> [Data shown]
+ + + + + + +
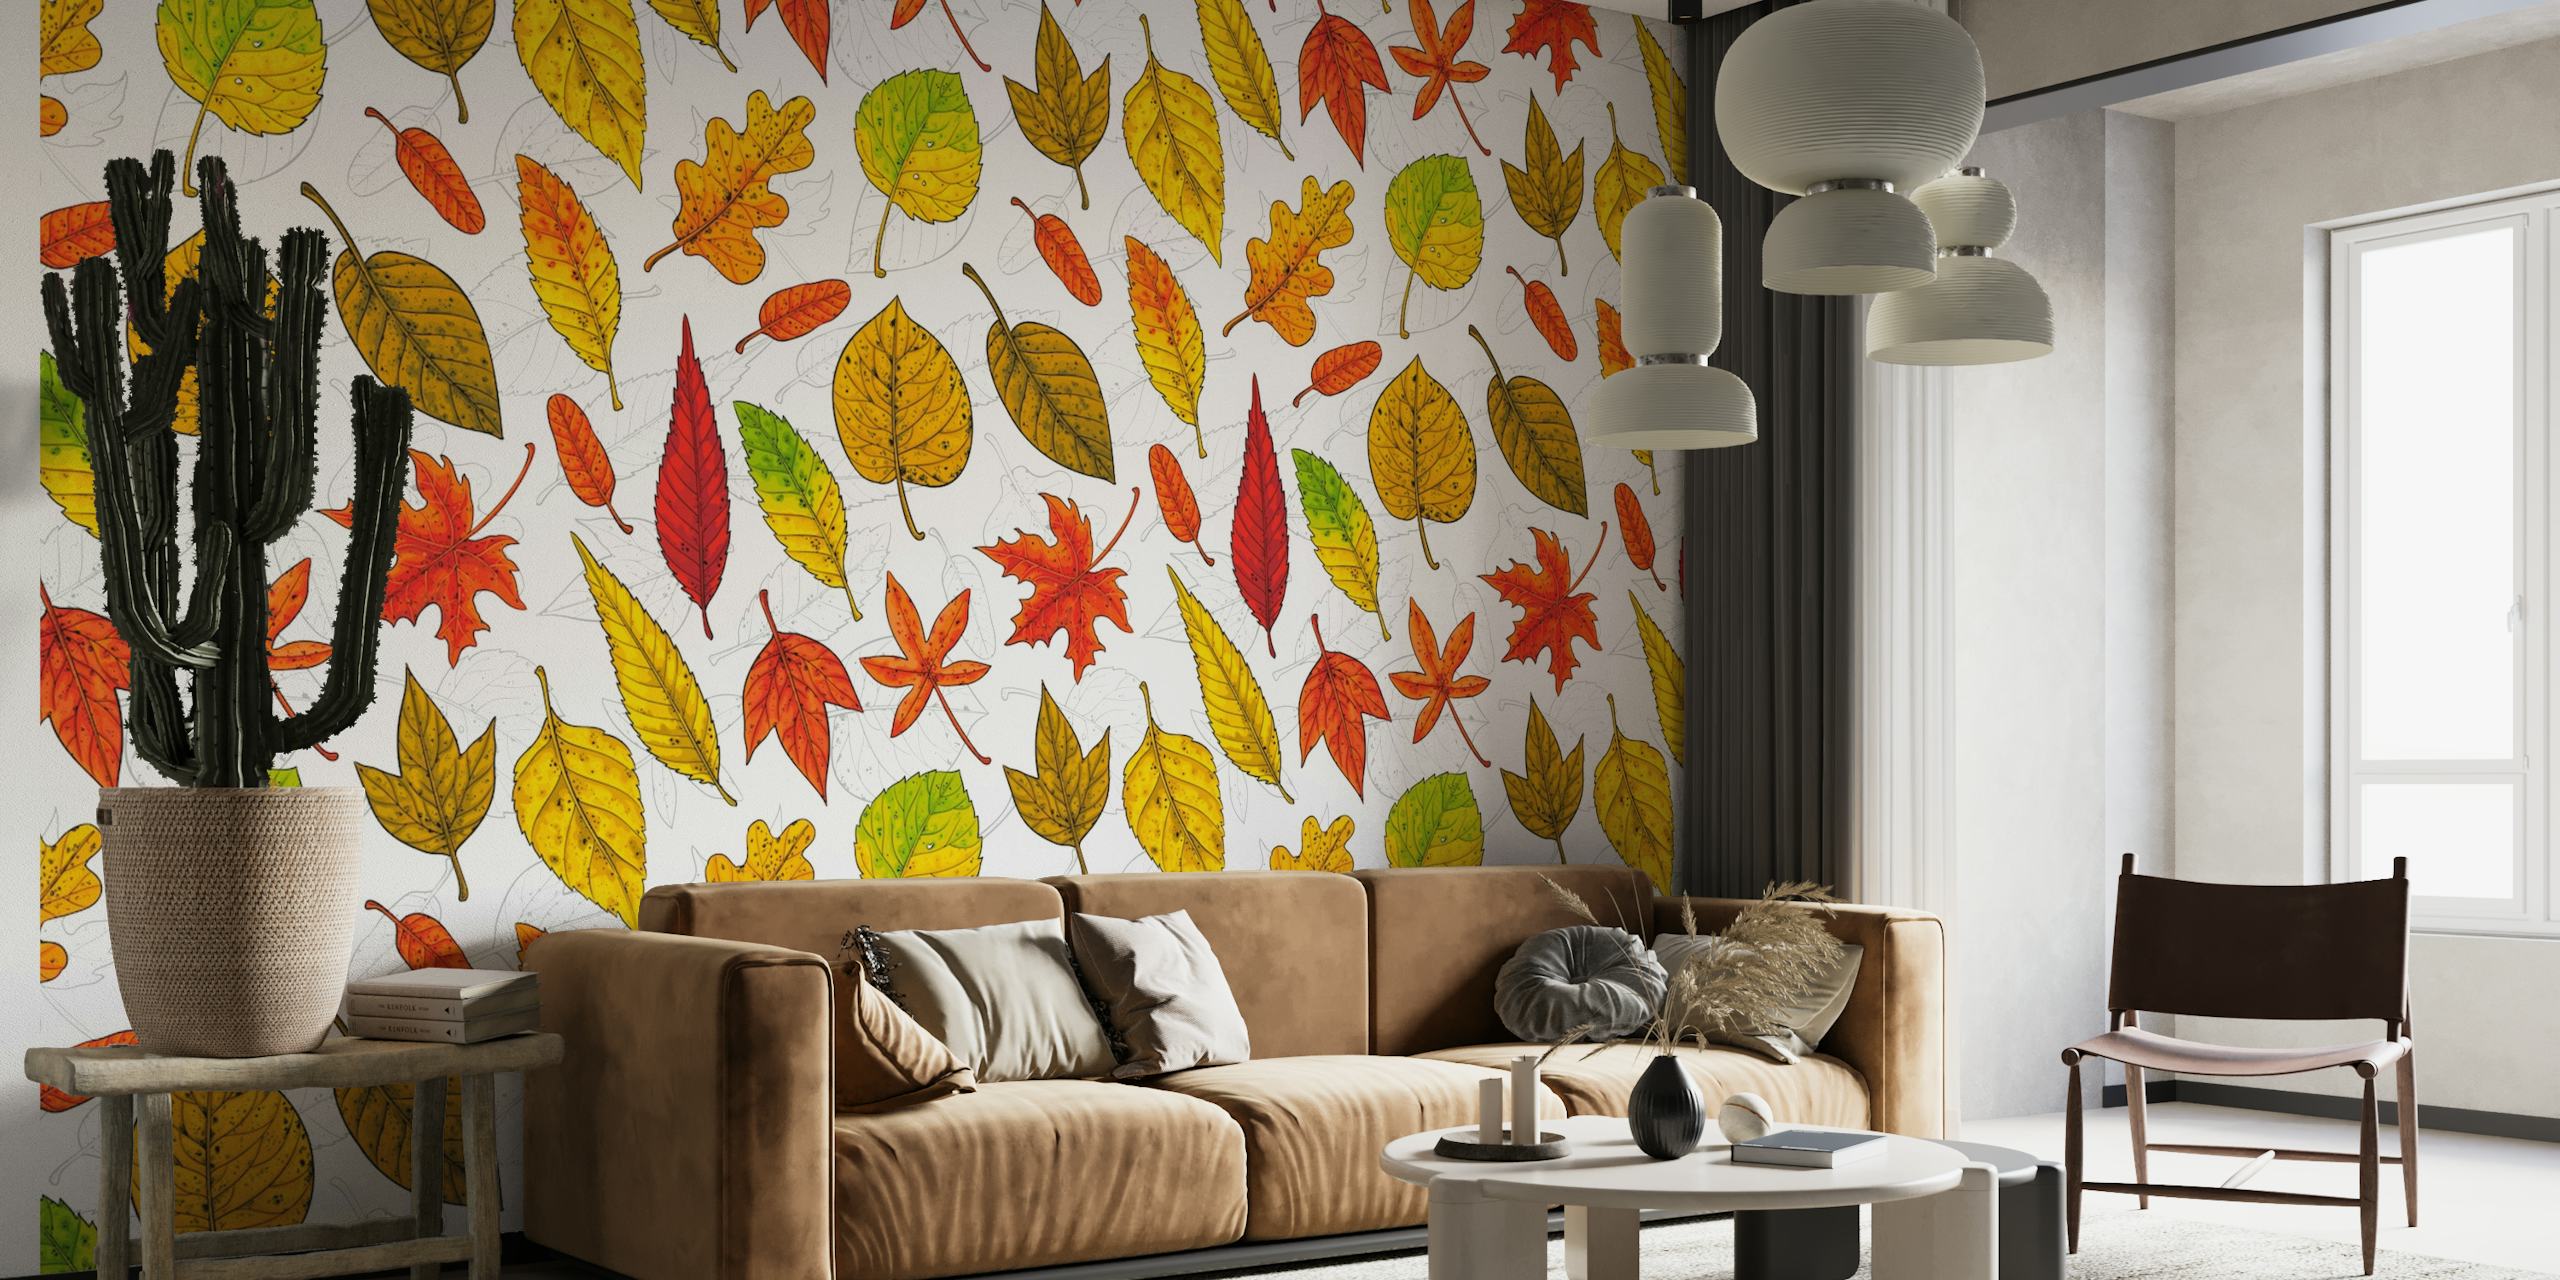 Colorful autumn leaves wall mural on a white background
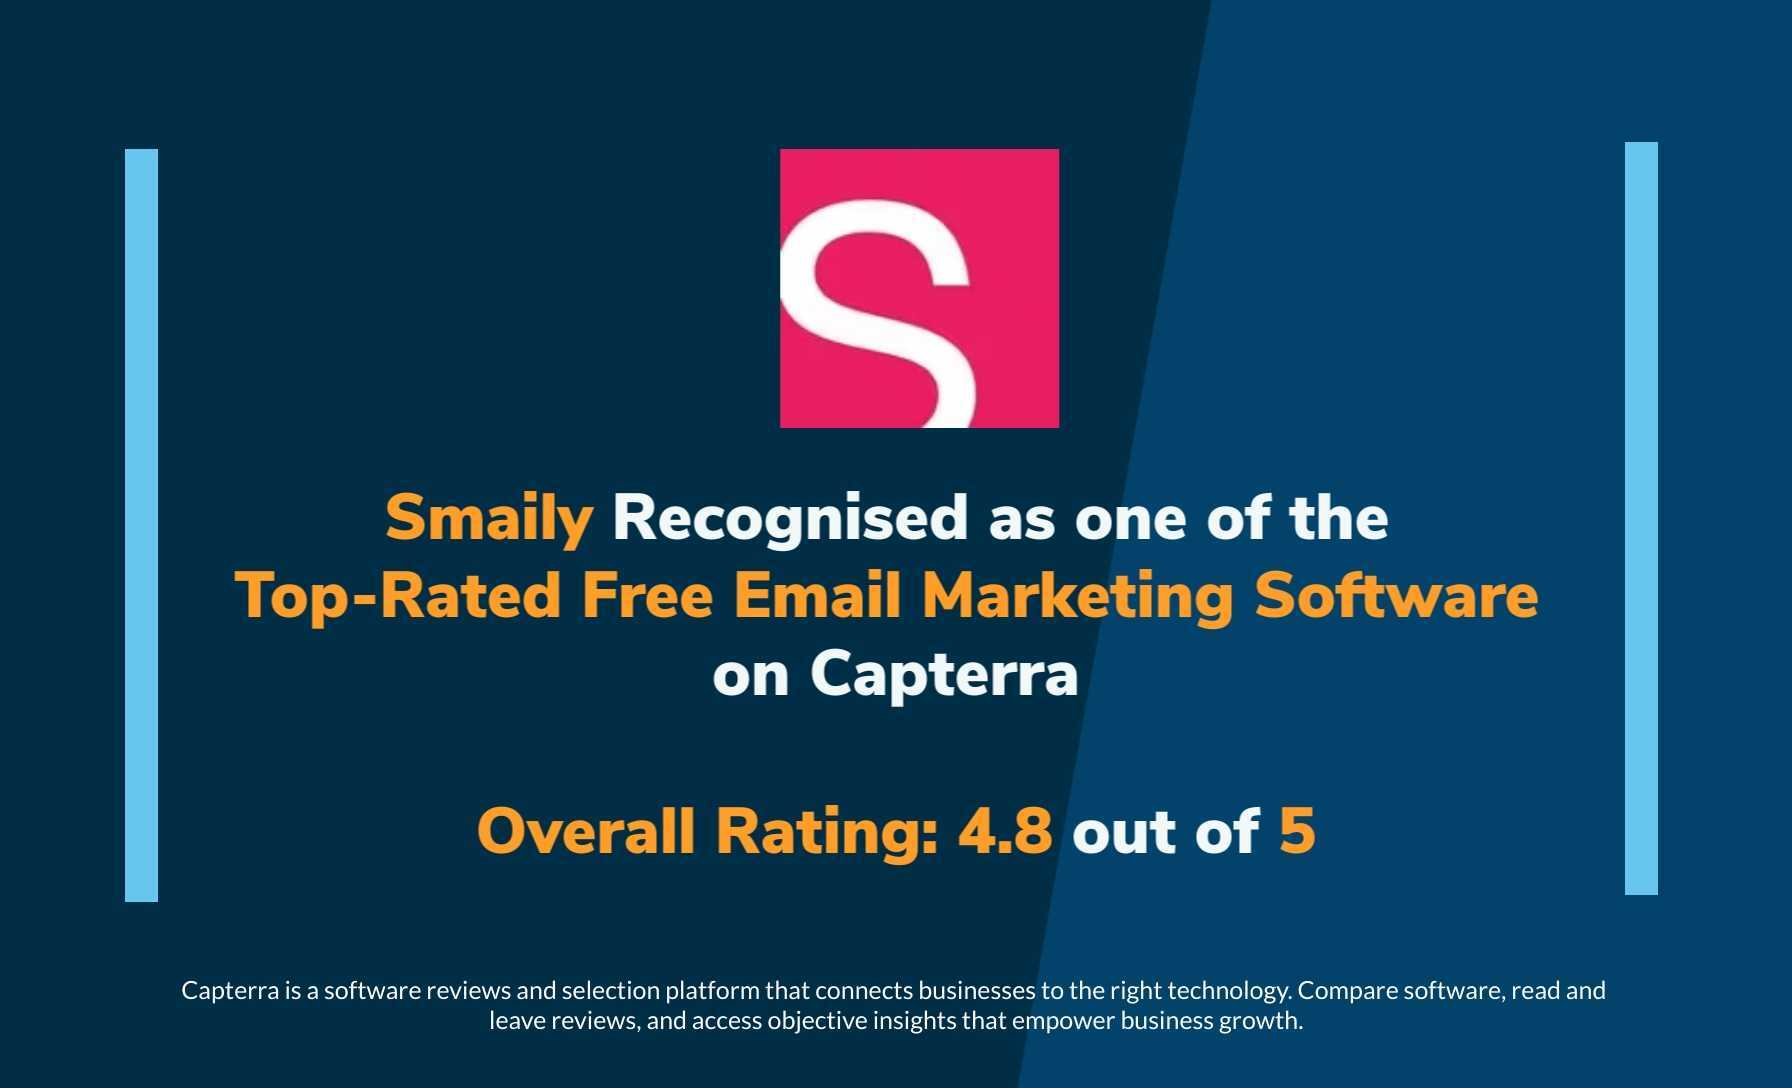 Smaily Email Marketing Software Featured on Capterra
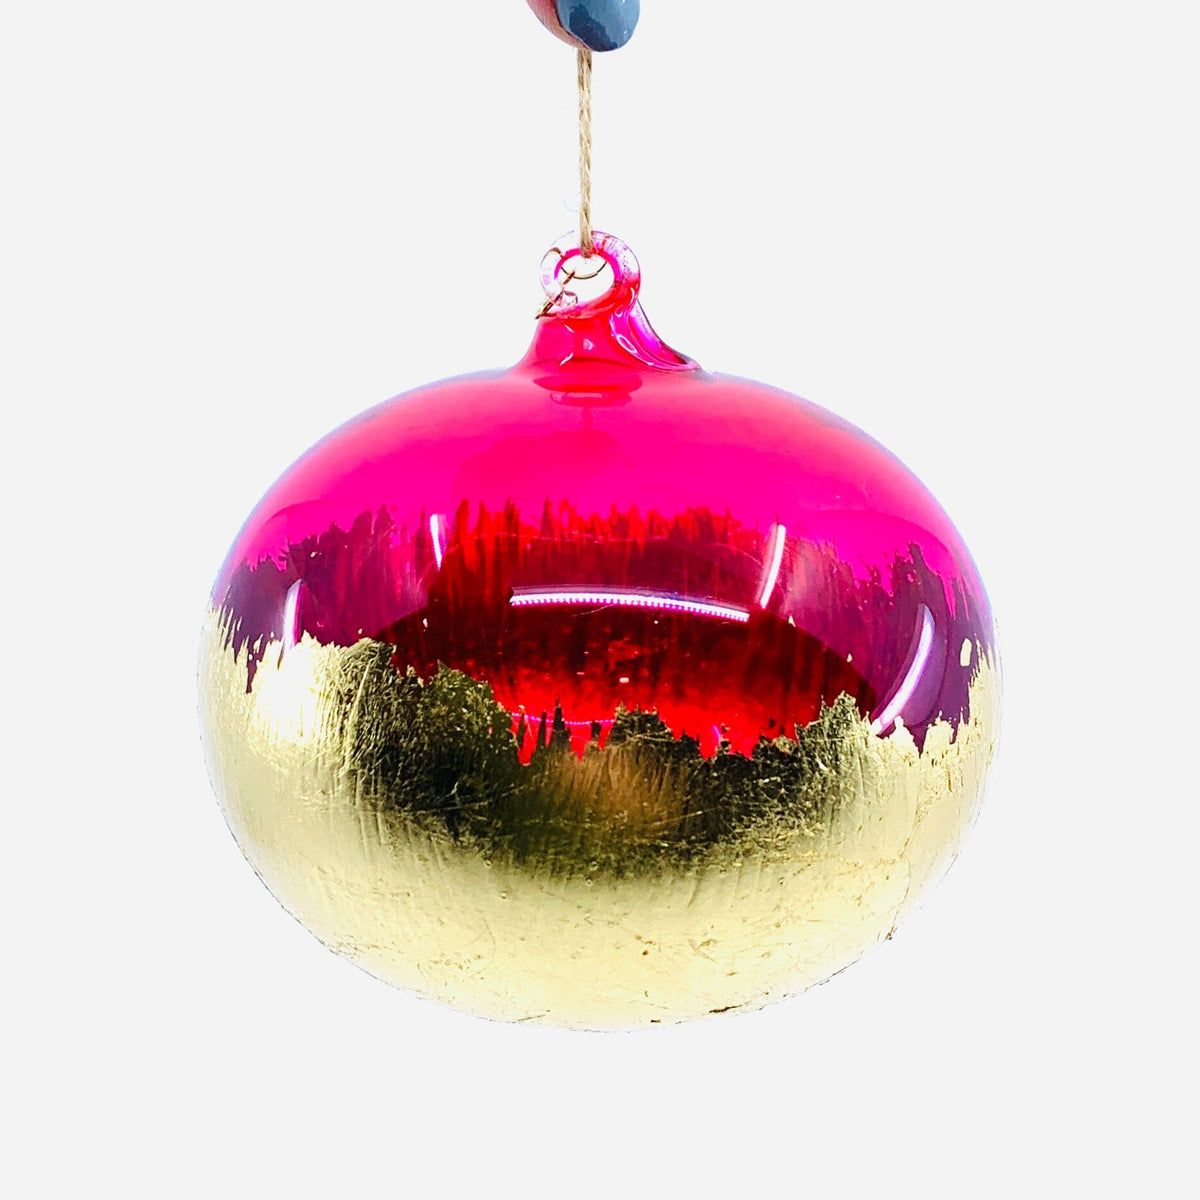 Rainbow Gold Dipped Orb Ornament One Hundred 80 Degrees A 
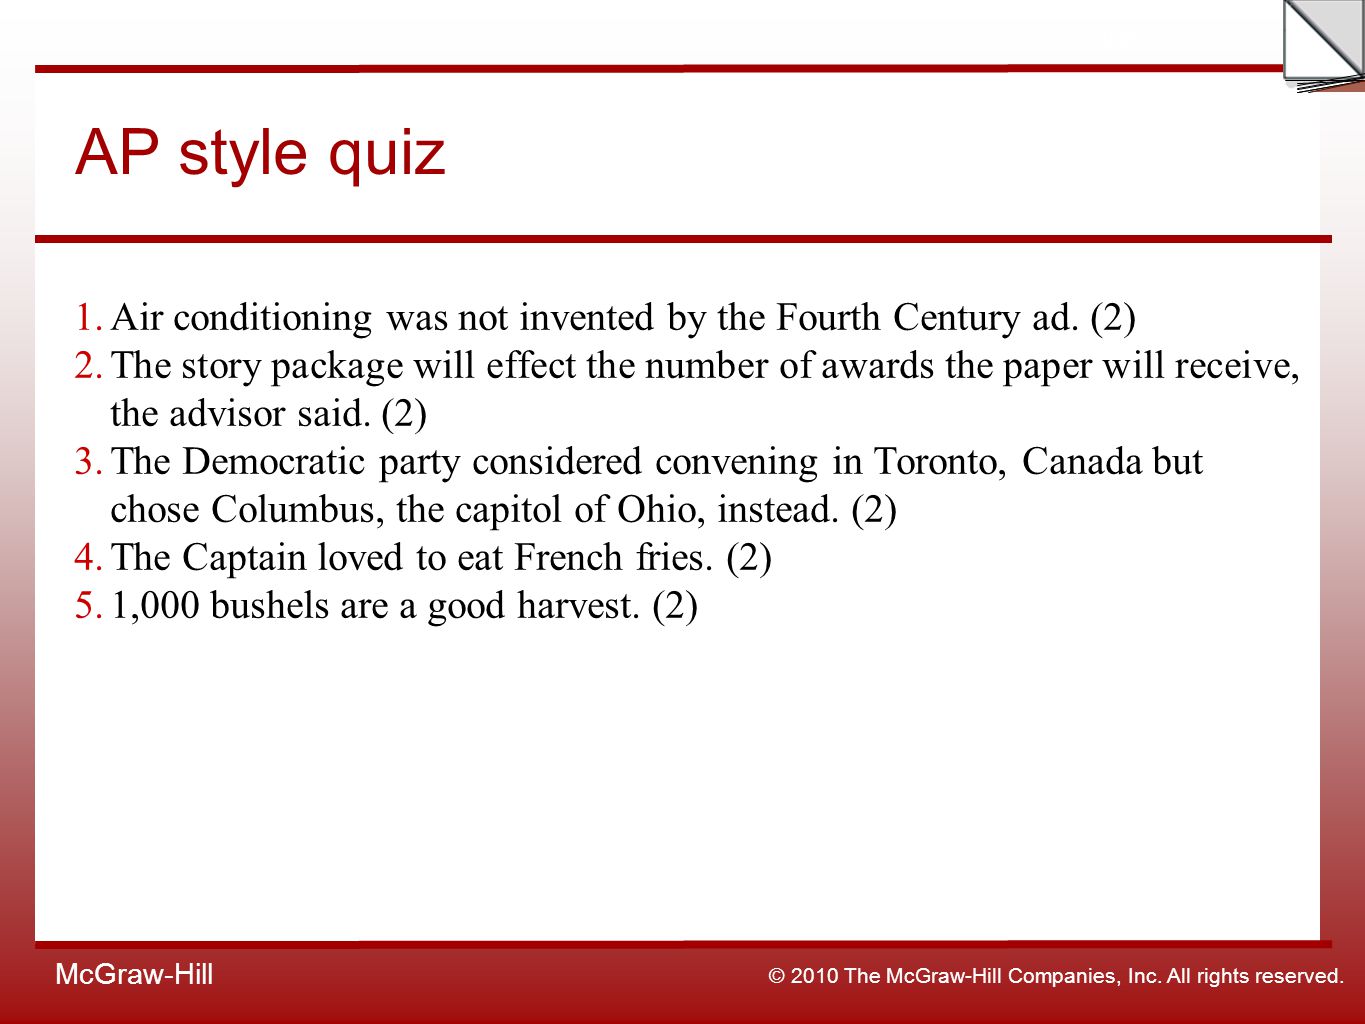 What is an AP style quiz?
+ + + + + + +
> [Problem details] Word for word, retype the material above without its pictures.

> [Written response]
 Colorful autumn leaves wall mural on a white background
 Smaily Email Marketing Software Featured on Capterra
 Rainbow Gold Dipped Orb Ornament One Hundred 80 Degrees A 
 What is an AP style quiz?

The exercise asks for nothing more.